If the infrastructure owner doesn’t know the difference between potential difference and current, we have quite a long way to go on our low carbon transition projects.
A more endemic problem is a blindness to the distinction between mass and weight, leading to a happy-go-lucky use of “kg” and “lb” where “N” and “lbf” would sometimes be more satisfactory.
In order to reduce our carbon footprint, we are looking to get rid of our home gas boiler, and I’ve found the heating profession to be fuzzy on the difference between energy (typically measured in kWh) and power (typically in kW). The brochure for a new kind of hot water tank quoted its heat loss rate as “Kw/hour”. The supplier was “an expert in all types of heating systems, with a particular interest in the transition to low carbon solutions”.
The same disease seems to affect the electric car population: “100 kWh rate of charge is the max (ish) you can expect under ideal conditions”.
The next example is probably an oversight rather than a lack of understanding: a prestigious journal quoted the cruising altitude of an aircraft as “30,000 lb”. Presumably, that should have been “lbf”.
Lastly, I have an example that goes back to my teens. I remember my physics teacher insisting that instruments should be labelled so as to be non-dimensional. Examples: a speedometer should be labelled “speed/kmh-1” and a range-finder as “range/m”. He asserted that every car tachometer in the universe has been mis-labelled (although they were only present on exotic cars back then). Mostly they say “rpm x 1000” instead of “engine speed/1000rpm”).

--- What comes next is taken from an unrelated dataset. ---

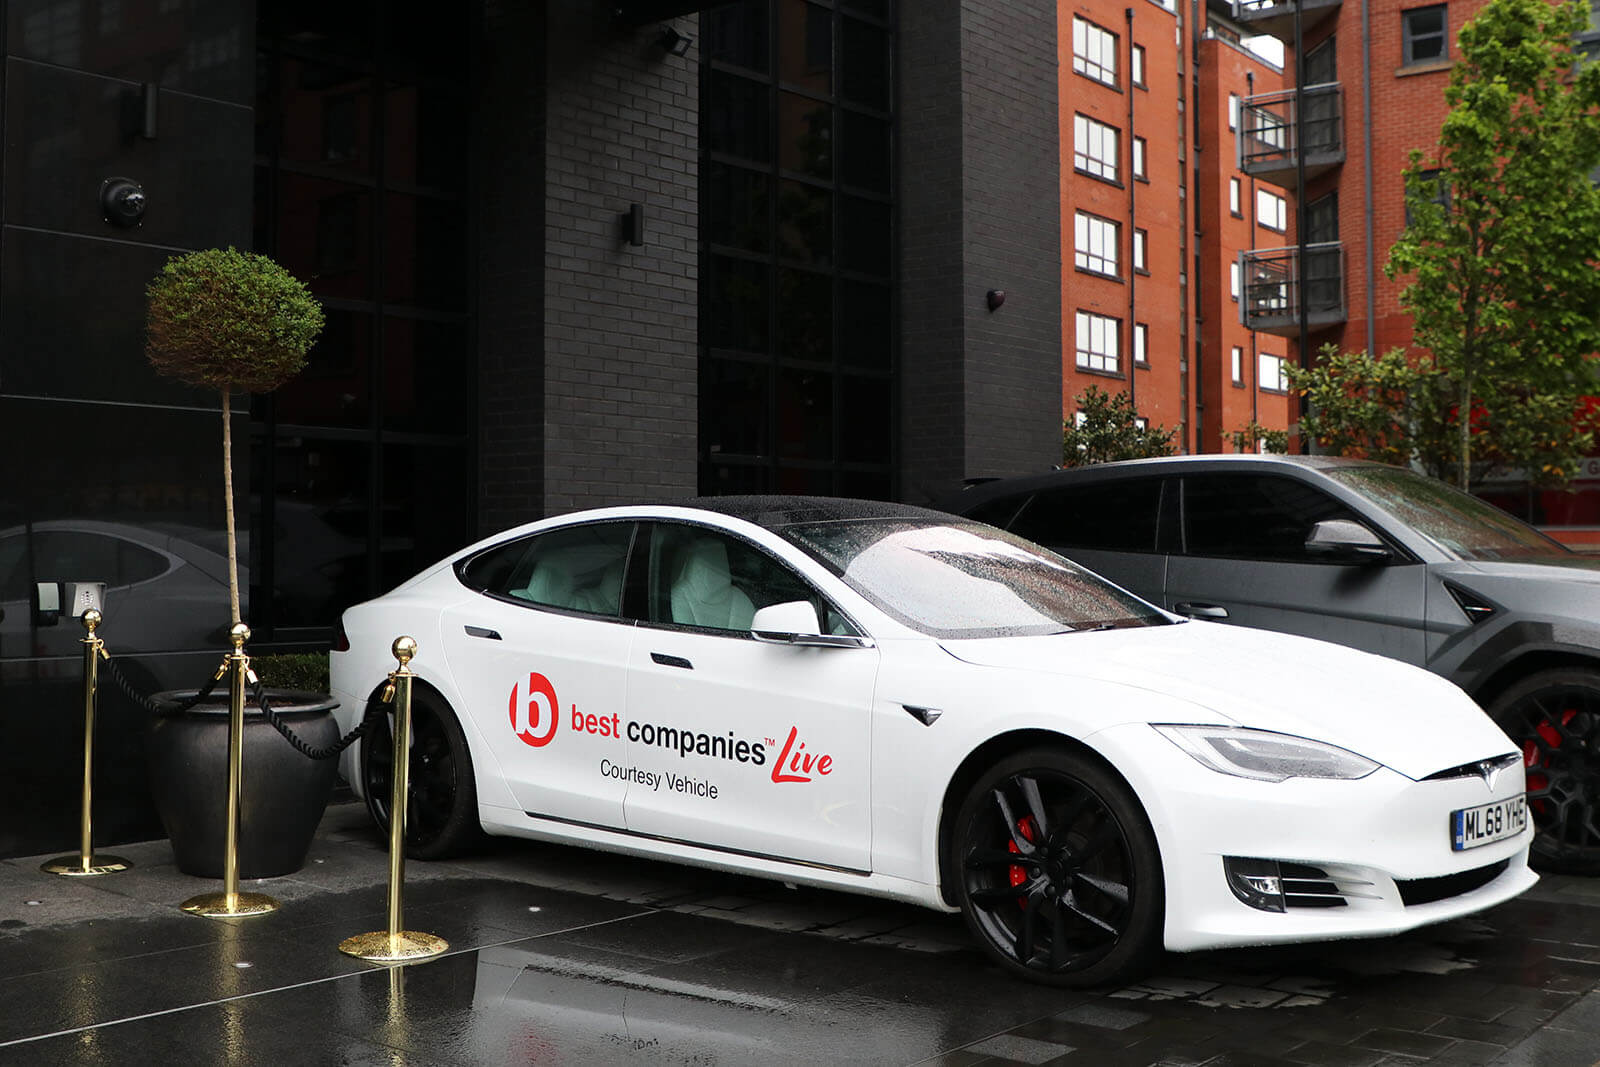 Best Companies Live branded Telsa Curtsey Vehicle
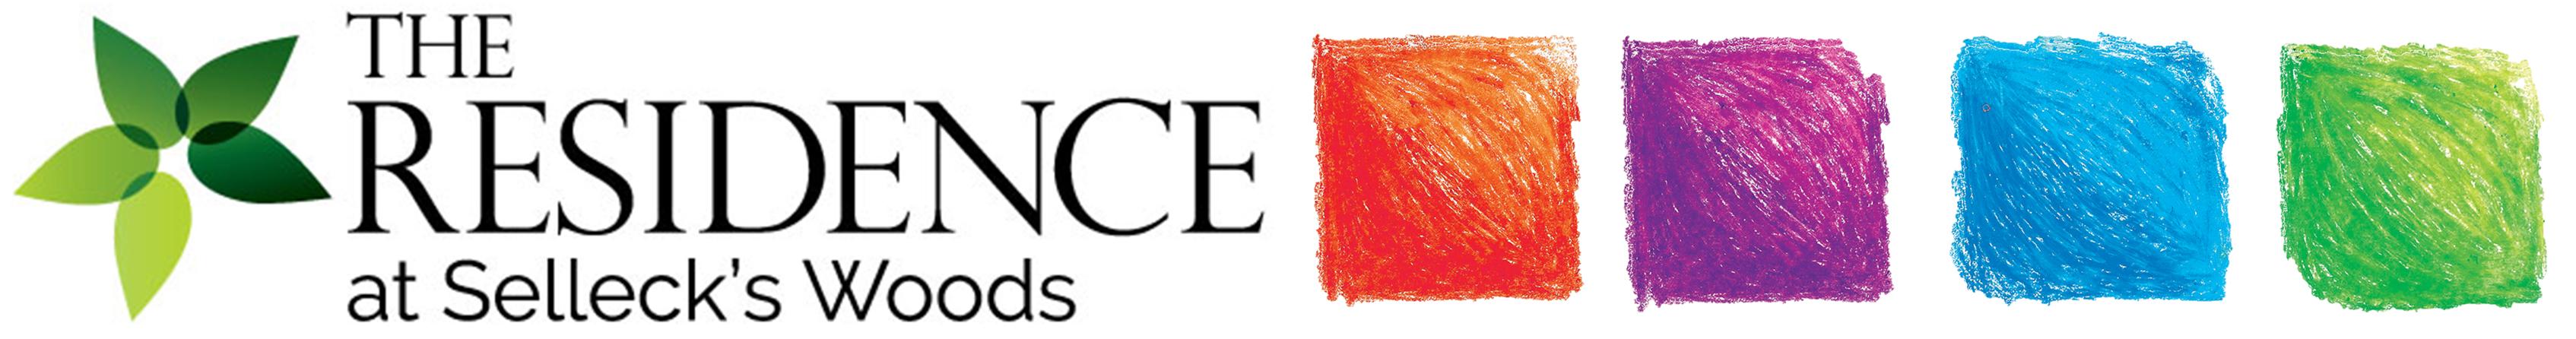 LCB-Logos_0006_Sellecks-1

My father told the story of his friend who went to pick up a brand-new luxury car from the dealer – a journey of about 100 miles each way. The tachometer was labelled as “rpm x 100” (we know what that means) and marked out as “0”, “10”, “20” etc. The dealer told the friend not to exceed 50 miles per hour for the first 100 miles, otherwise the engine could be damaged. When the friend got home, there were burning smells and steam escaping from the engine, with alarming noises as it started to cool down. The friend had driven all the way home with the tachometer on 50.